A student recently explained his unwillingness to take my class on European Union law by comparing it to “studying Soviet Union law in 1989.” He is not alone in his skepticism. But he and others who hold such a view are utterly wrong.

It is not unusual these days to hear Europe described as a power of the past. The continent is perceived to be weak militarily. Its relative economic power is declining as Asia’s is rising. And its common currency may be on the verge of disintegrating.

On the world stage, the European Union is thought to be fading into irrelevance due to its economic woes and its inability to speak with one voice.

Yet this narrative overlooks an important aspect of European power: Europe’s ability to unilaterally regulate global markets. Despite its economic and political struggles, the European Union exerts considerable influence over worldwide markets through its regulatory and legal framework.

The world may be focused on Europe’s decline. Europe, meanwhile, is busy projecting its values across global markets, creating a world that is to its liking.

Largely under the radar, the European Union has made a tangible impact on the everyday lives of citizens around the world. It has done so by setting global rules governing a variety of areas, such as food, chemicals, antitrust and the protection of privacy.

Few Americans are aware that EU regulations determine the cosmetics they apply in the morning, the cereal they eat for breakfast, the software they use on their computer, as well as the privacy settings they adjust on their Facebook page. And that’s just before 8:30 a.m.

But the EU doesn’t stop there. EU regulations also effectively determine what kind of air conditioners Americans use to cool their homes — and why their children no longer find soft plastic toys in their McDonald’s Happy Meals.

U.S. regulators are mere bystanders in this process and are largely restricted to watching from the sidelines as their European counterparts build an empire of laws and regulations. And that empire is unlikely to crumble.

How is any of that possible? Here is how: By virtue of being the world’s largest trading block, the EU can essentially dictate the rules and regulations for products that are traded.

Over the years, rules and regulations promulgated in the European Union have penetrated many aspects of economic life, both within Europe and outside. Brussels has pursued a process of “unilateral regulatory globalization.” This is what I call “the Brussels Effect.”

This process differs from the mechanisms used in the political domain of globalization, where governments mutually agree to adhere to regulations. It is also different from unilateral coercion, in which regulations are adopted under the threat or use of sanctions.

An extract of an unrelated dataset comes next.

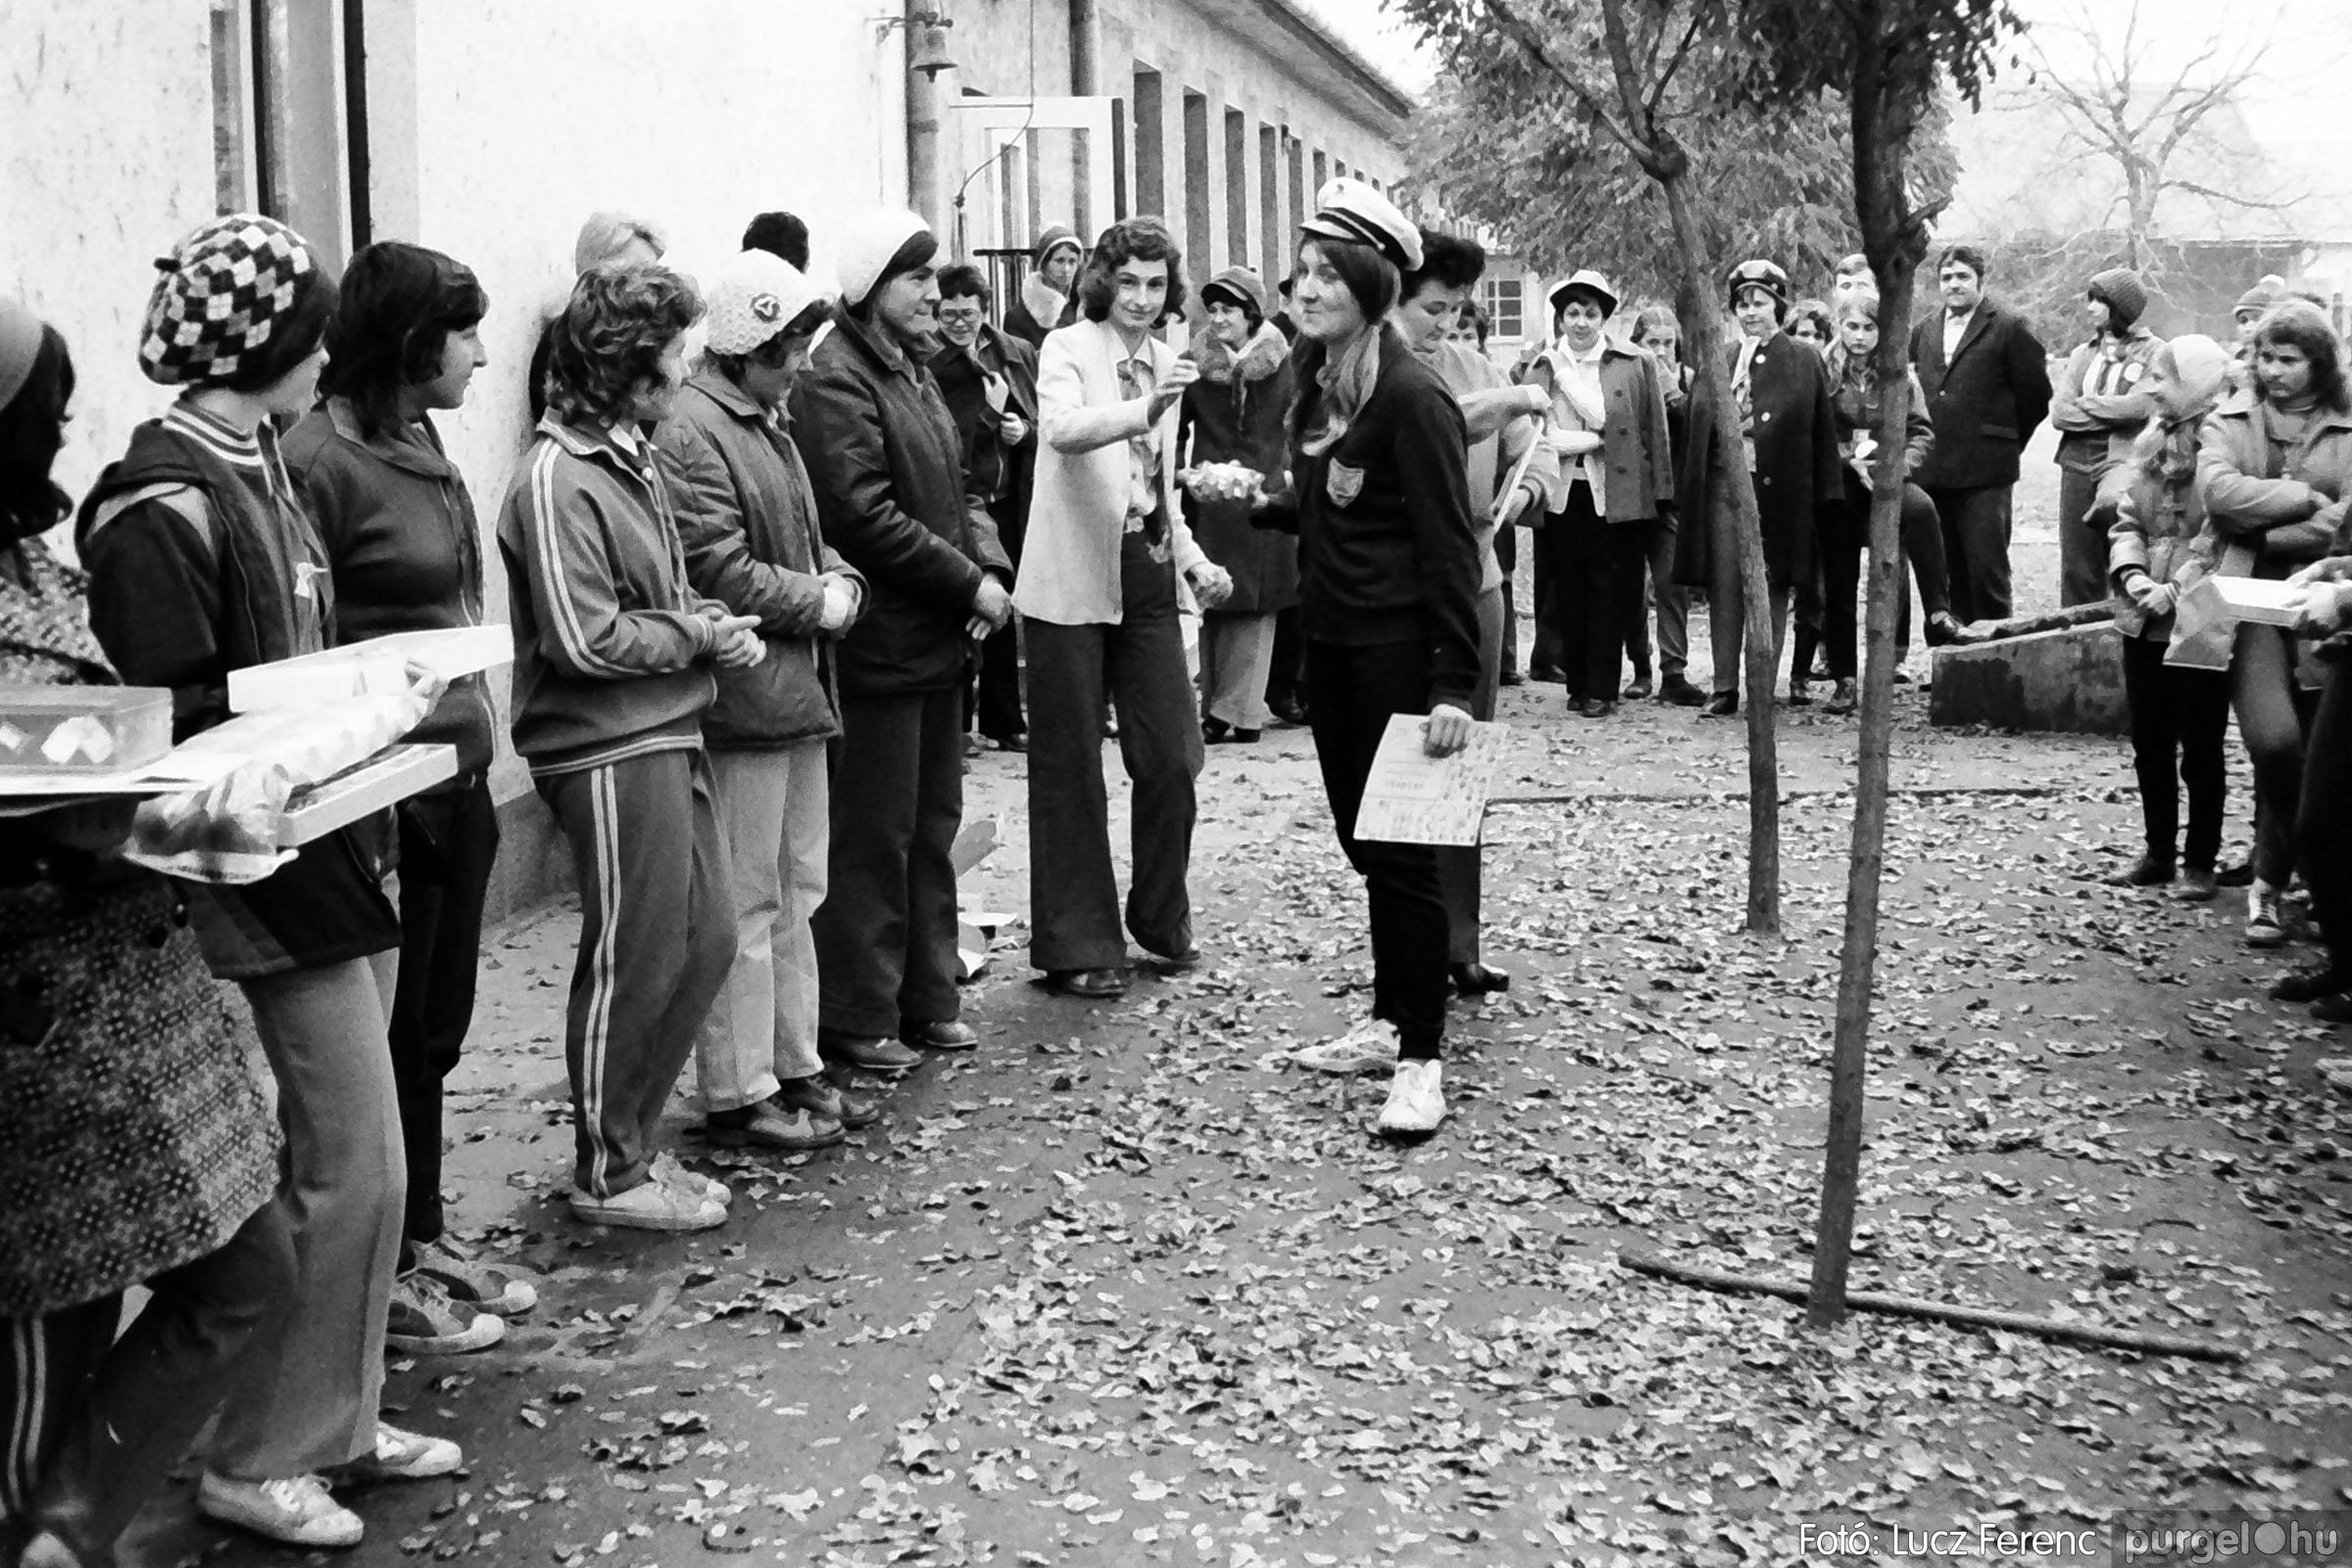 004A 1970-es évek - Úttörő rendezvény 022 - Fotó: Lucz Ferenc IMG00033q.jpg

Bewildering though it may sound, especially to Americans, the Brussels Effect mainly occurs through market mechanisms.

To be effective and to exercise global regulatory power, the EU does not have to do anything except regulate its own market. The size and attractiveness of its market — the largest in the world — does the rest.

Regardless of where they are headquartered, companies that want to trade with the European Union must make a basic business decision: Do they want to adopt one set of standards for Europe and multiple other sets of standards for the rest of the world?

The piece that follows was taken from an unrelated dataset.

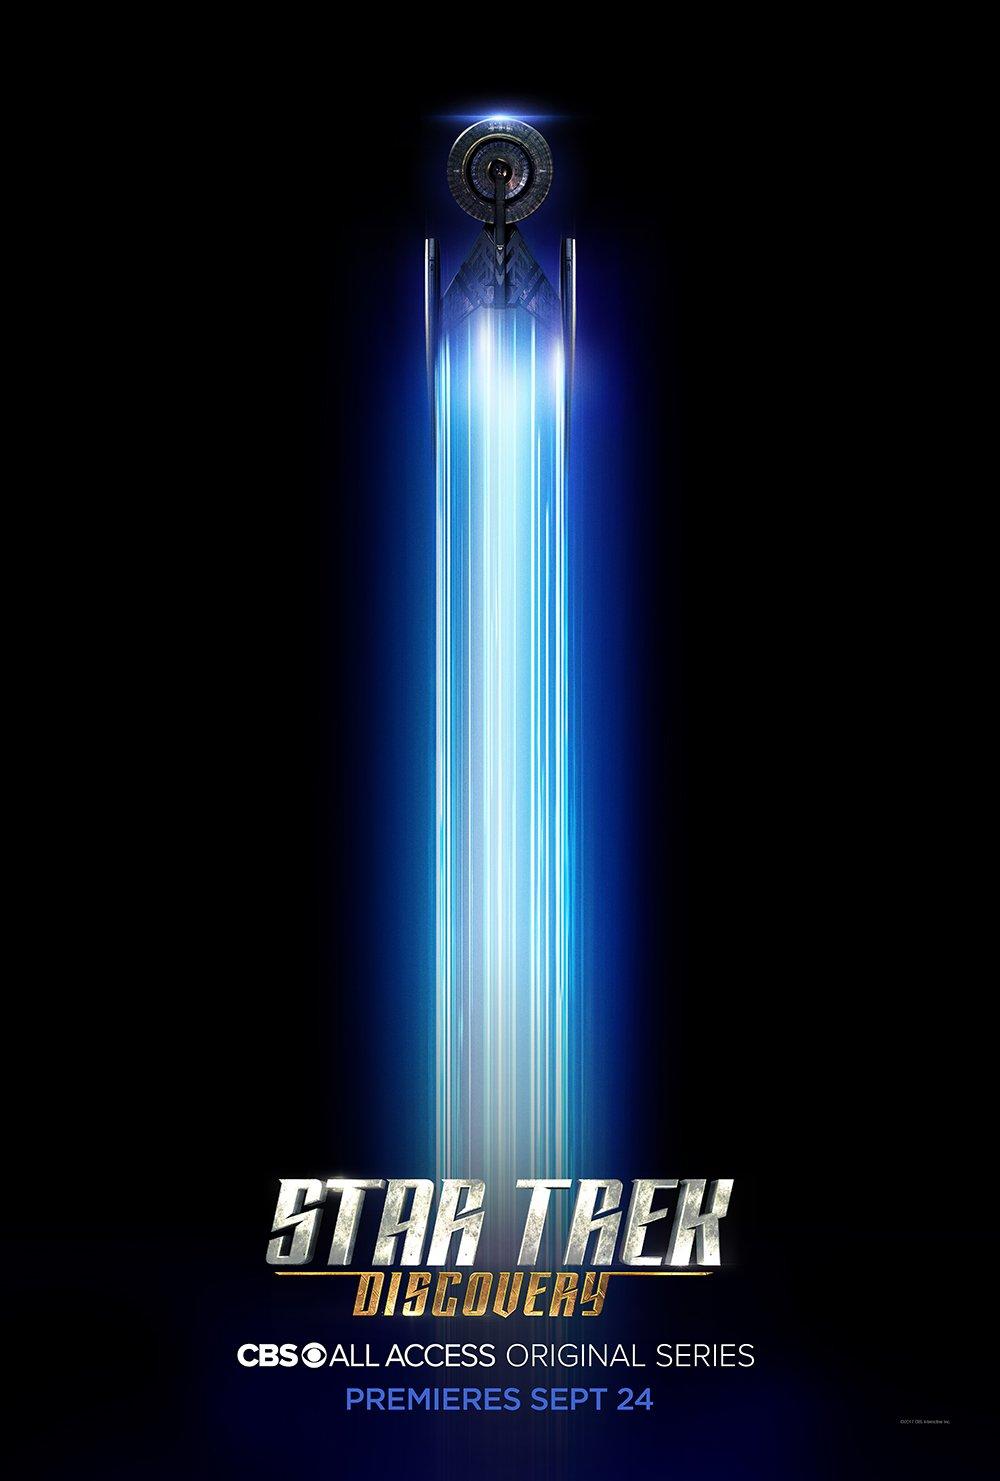 Star Trek Discovery Jonathan Frakes Poster 2

In most instances, they choose to adopt one standard — that of the EU. Why? Not to succumb to the Europeans, but because they are glad to have one set of rules that governs their global conduct or production. It makes plain business sense.

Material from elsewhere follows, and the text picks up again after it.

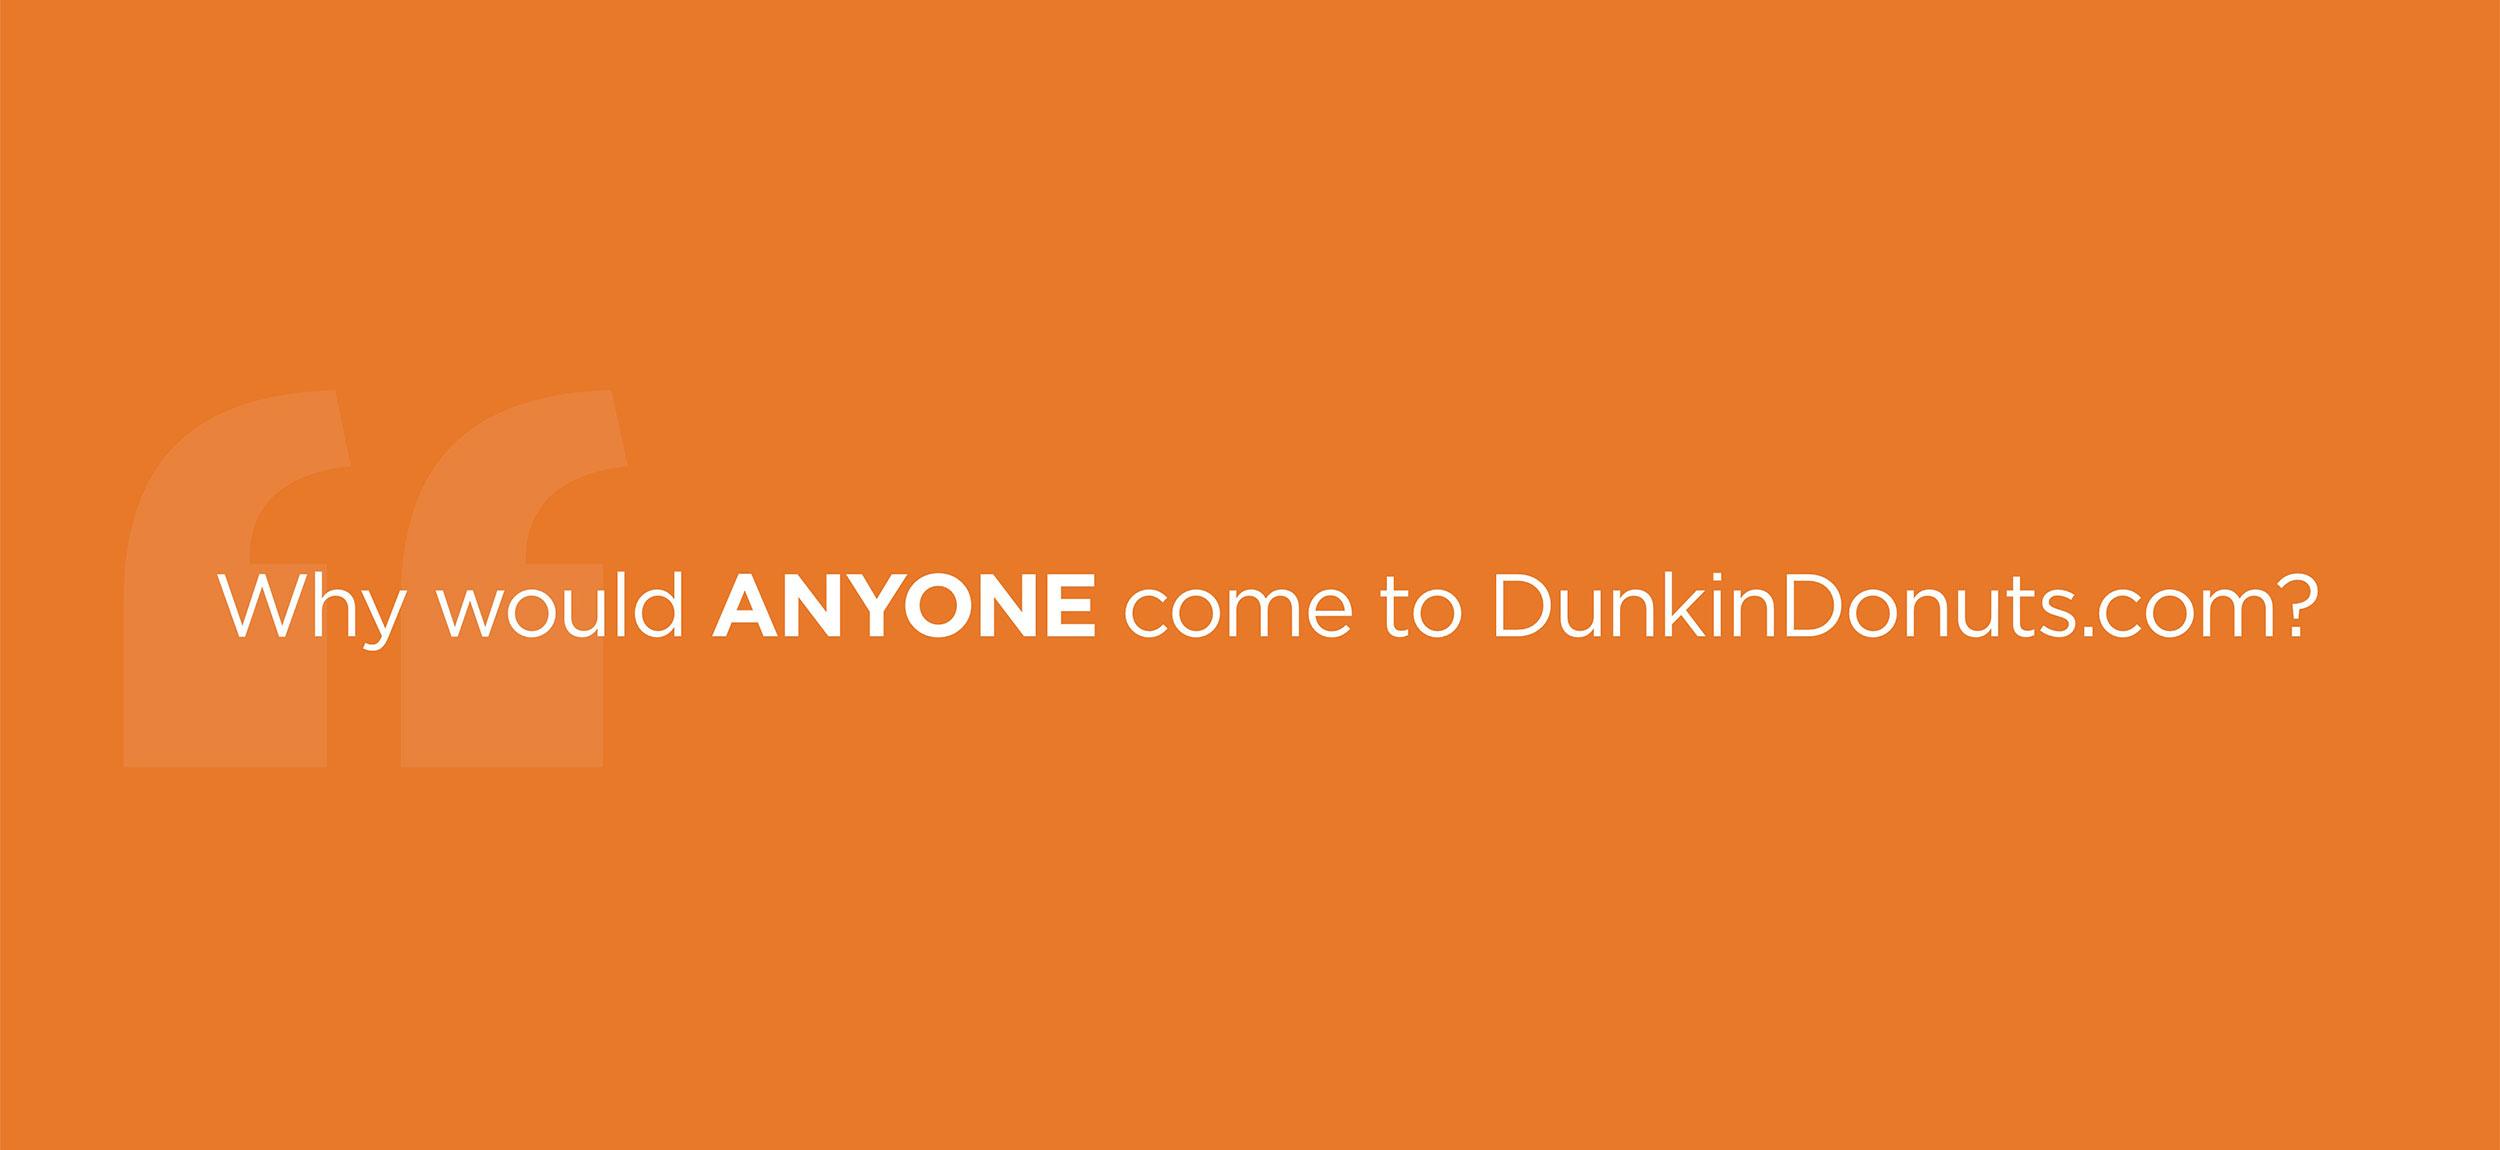 dunkin-question.jpg

The inability to conclude the ongoing WTO trade talks is one indication of how difficult it is to get anything done in a world where many countries are powerful, but no single country is powerful enough to set the rules.

Regulatory power is one of the few areas of influence where unilateralism still works, quietly and effectively.

As traditional tools of power have waned in importance, it is increasingly difficult to exert influence through raw military power or even economic sanctions or conditional incentives.

Regulatory power like that of the EU is more durable, more deployable and less easily undermined by others. Therefore, regardless of its financial and political shortcomings, the EU is, and is likely to remain, a major force in the global economy.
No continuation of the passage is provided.